The U.S. central bank is not likely to raise interest rates at this time and may delay expected rate hikes for a while.

That is the finding of a survey of economists by the financial news network CNBC. The rate-setting committee of the U.S. Federal Reserve gathered in Washington for their regularly scheduled meeting on Tuesday, and will report a decision Wednesday afternoon.

Many economists told the network that global economic weakness as well as recent drops and wild swings in stock and oil prices mean Fed officials may delay their next rate hike till May.

The Fed raised rates slightly from record-lows late last year and was expected to continue raising rates, very gradually over the next year.

Low interest rates tend to stimulate economic growth, but can also spark damaging inflation and other serious problems if they stay too low for too long.

Falling oil prices

The key U.S. benchmark rates had been cut to near-zero during the financial crisis in a bid to boost economic growth and jobs.

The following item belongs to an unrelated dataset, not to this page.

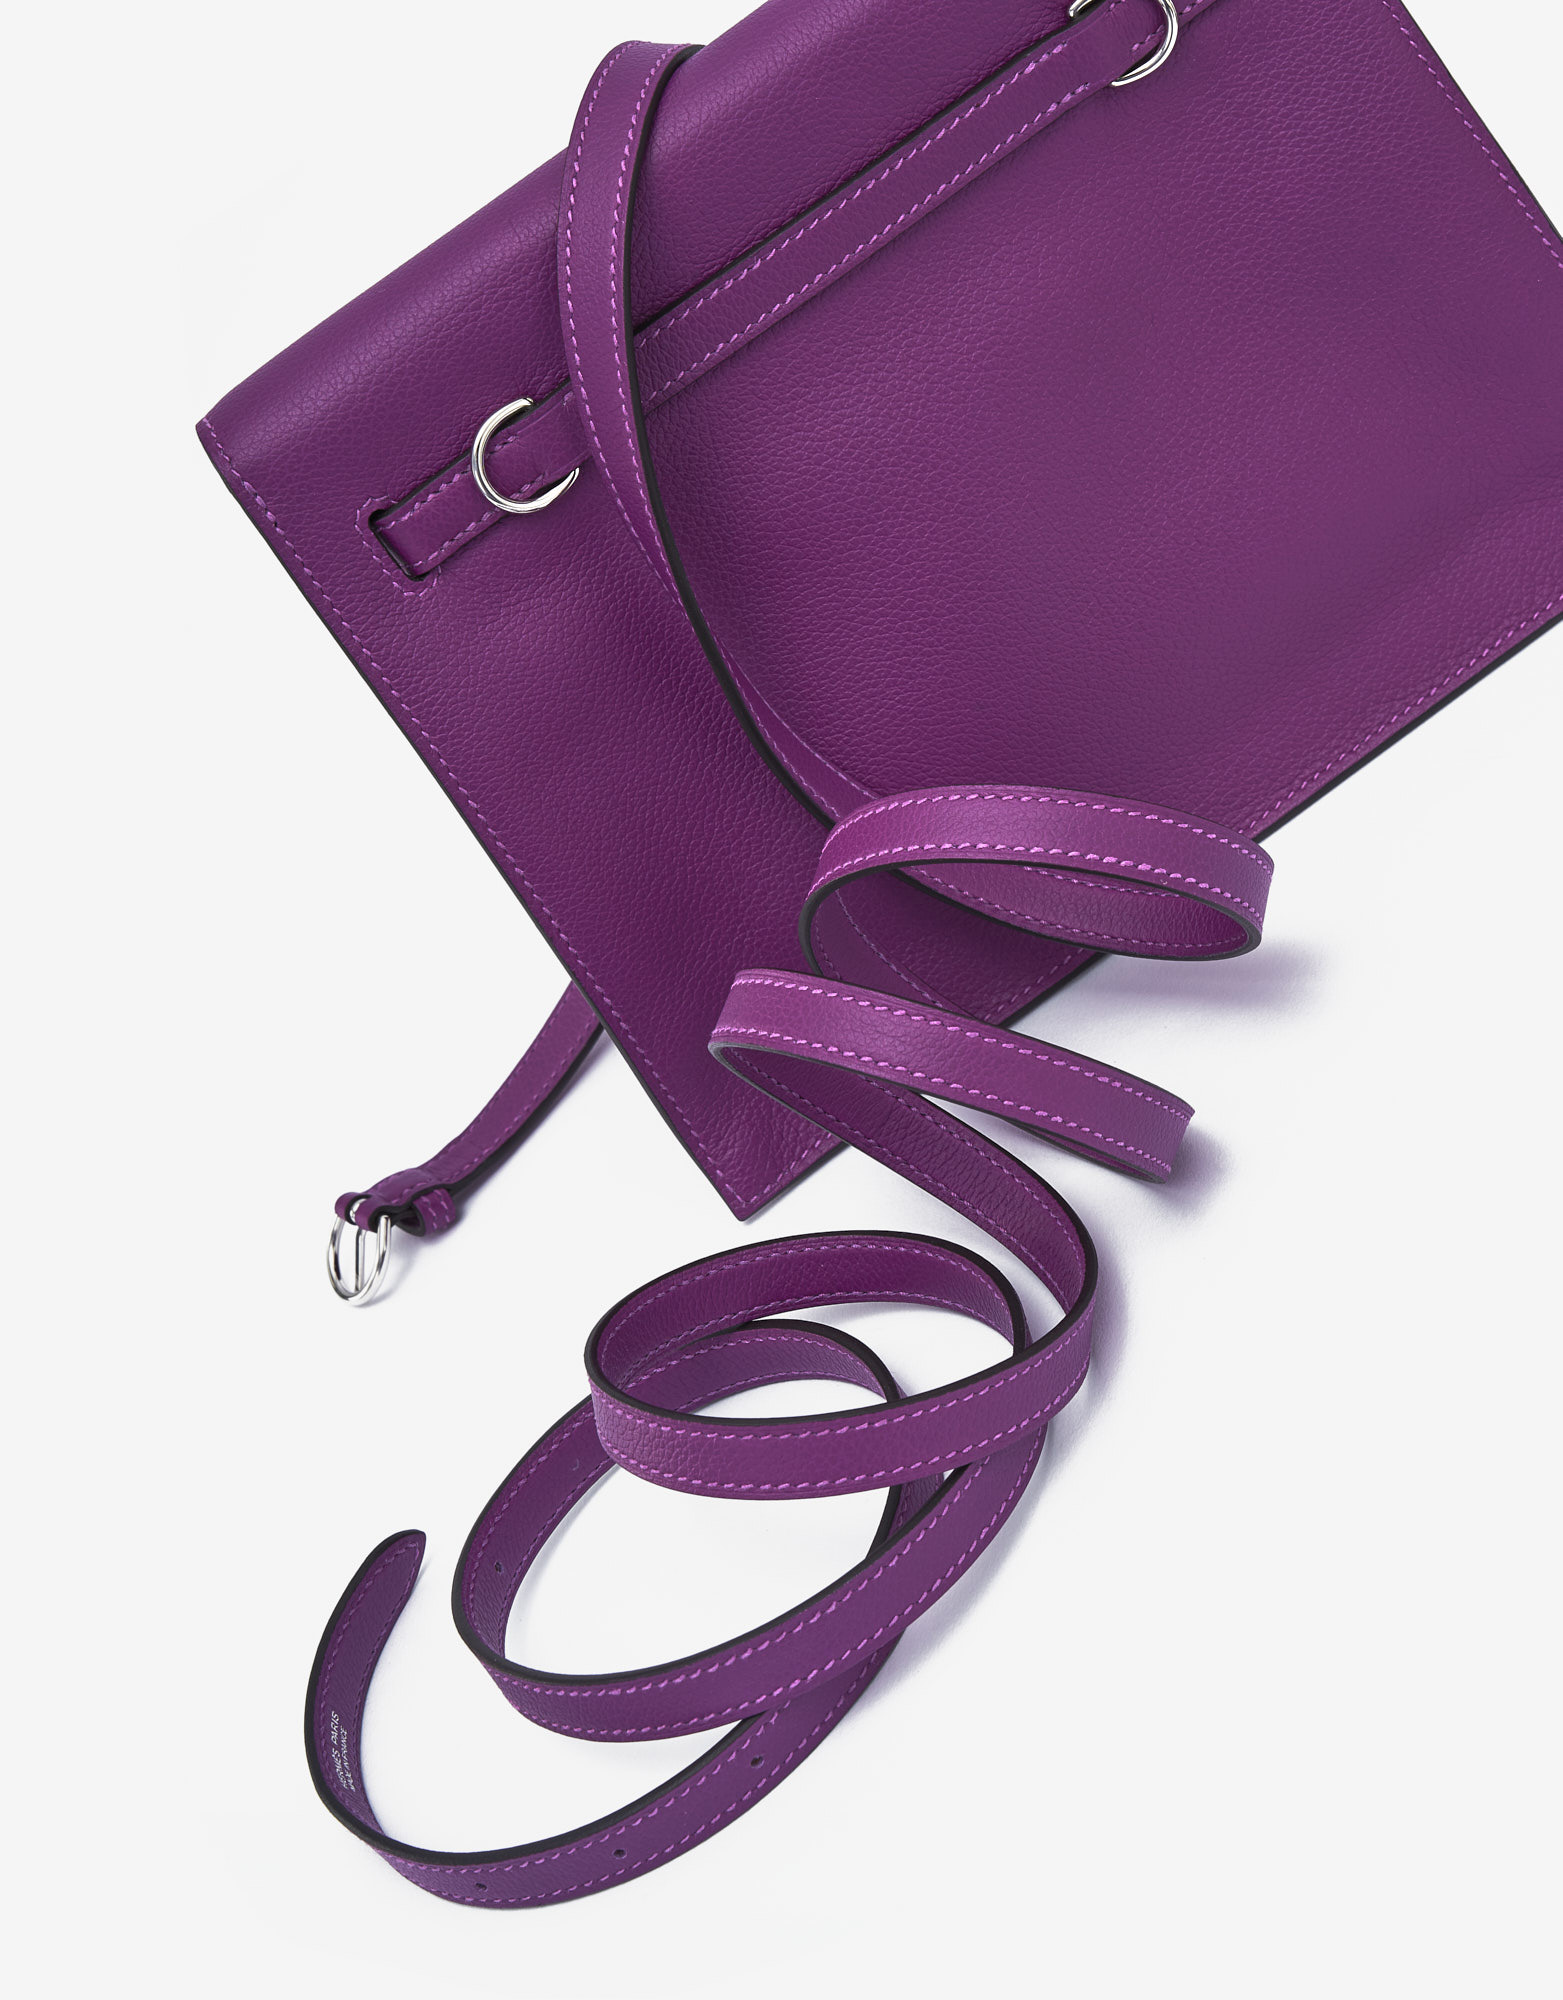 Gebrauchte Hermès Tasche Kelly Danse Evercolor Anemone Violet | Verkaufen Sie Ihre Designer-Tasche auf Saclab.com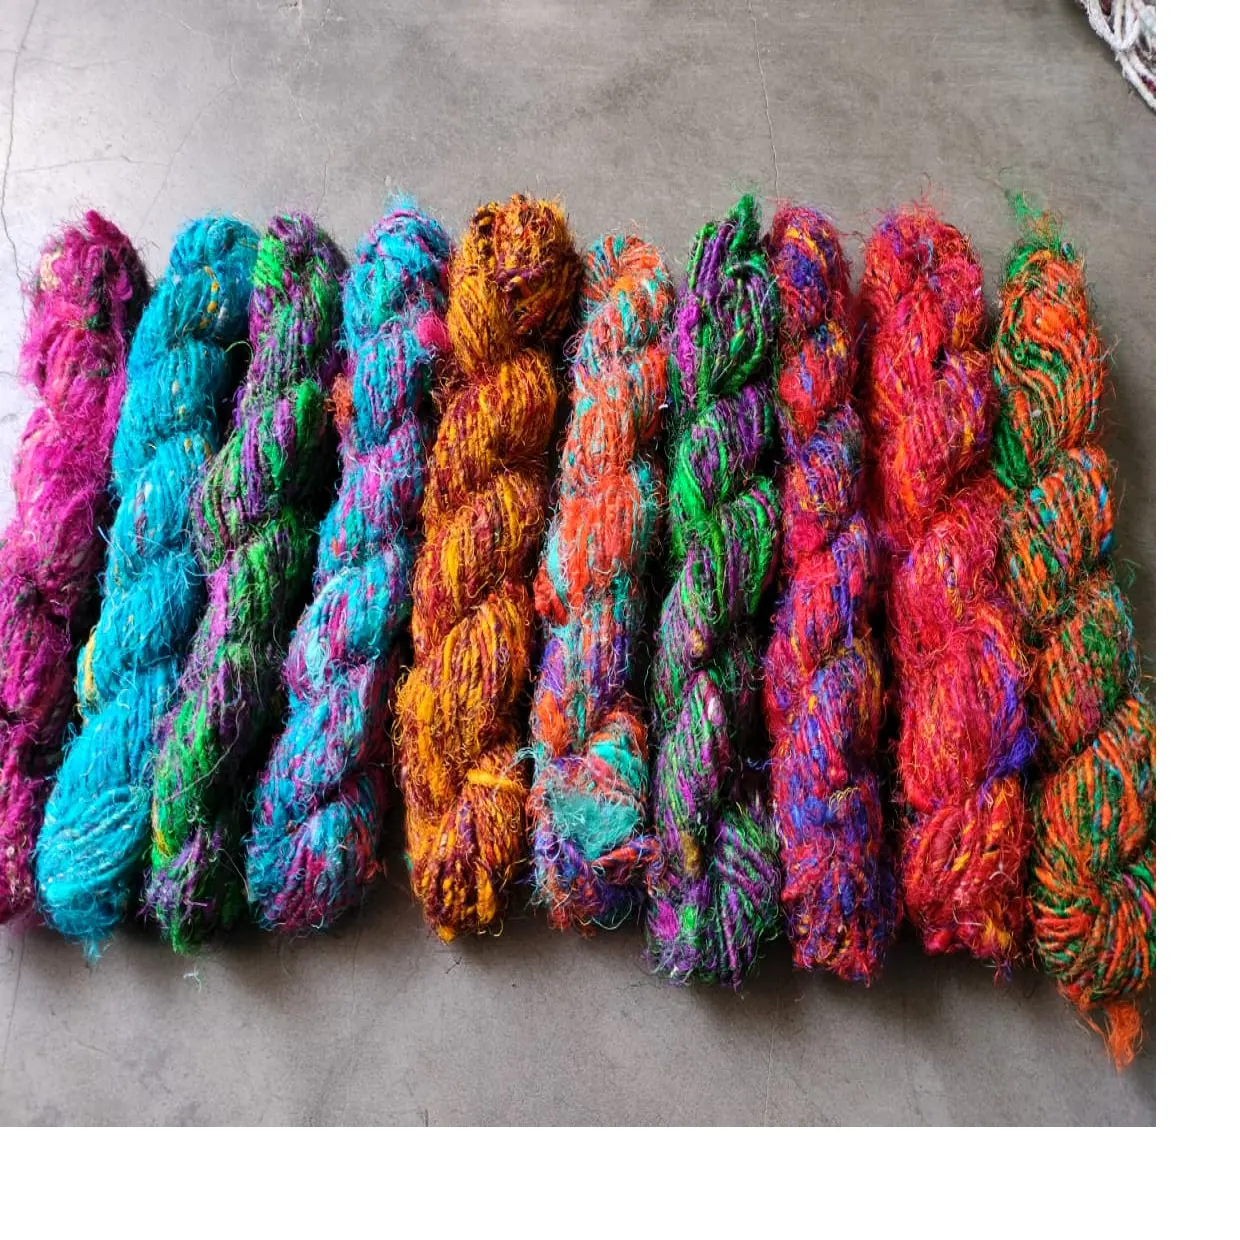 Hilos de seda multicolores hechos a medida, hechos de seda reciclada, disponibles en varios colores

Since then, economic growth resumed, and the unemployment rate has fallen by half.

The improving job market and low gasoline prices are encouraging consumers, according to consumer confidence studies by the Conference Board and the Consumer Technology Association. Analysts at Wells Fargo Bank said improving business conditions mean consumers “shook off” recent stock market chaos.

Economists watch consumer attitudes closely because consumer demand drives two-thirds of all U.S. economic activity.

Both market volatility and rising consumer confidence are related to lower oil prices. A World Bank study published Tuesday lowered its predicted oil price for this year from $51 a barrel to $37, which is higher than the current price.

World Bank experts say oil prices are likely to remain at relatively low levels for some time, but will probably increase at least a little from recent market lows.

The bank’s experts say low prices are forcing some high cost producers to stop pumping oil. At the same time, they expect recovering economic growth to increase demand for energy. Together, those two factors will bring oil supply more in line with demand, which should bring prices up a bit.